Part 3, from the 15 minute mark
Still on Paper 2

So, did the ME/CFS plasma actually affect NO production? Yes!

If you just look at the y axis, which is units of NO, and look at the green dots (cells in control plasma) and red dots (cells in ME/CFS plasma), there's a decent separation in the NO production.

Taking the x-axis into account, the phosphorylation of Thr495 site did seem to affect production - more phosphorylation of that inhibiting site did reduce NO production.

There's clearly a lot of mechanisms and different things affecting the operation of the mechanisms when it comes to NO.

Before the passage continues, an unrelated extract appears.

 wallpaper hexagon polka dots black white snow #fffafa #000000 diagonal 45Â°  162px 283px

Moving on the next project - arginine metabolism
The project is funded by Solve ME




So, they are looking at arginine which is taken into endothelial cells and broken down into citrulline and NO. Increased levels of SDMA have been described as reducing the uptake of arginine into the endothelial cell. Increased levels of ADMA and MMA have been described as inhibiting the production of citrulline and NO.

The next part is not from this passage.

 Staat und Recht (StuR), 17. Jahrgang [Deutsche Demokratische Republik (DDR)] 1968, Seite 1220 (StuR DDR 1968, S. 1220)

Francisco's team will be working out if the levels of the various molecules are different in ME/CFS plasma.

Francisco closed with some thanks, including to CureME, MERUK, SolveME and Austrian patients and the ME/CFS community who donated funds.

From the talk, it all seemed pretty solid and worthwhile research to me, not hyped.

Finished by 20 minute mark.

Edited to add - I may well have some things wrong - please do point out errors.

 

It could be that it's the moment by moment response to particular situations, possibly even in particular parts of the body, that isn't appropriate. That is, the control systems aren't working. So making the body awash with a substance that increases vasodilation in all parts of the body all of the time perhaps wouldn't help, and might even just make things worse.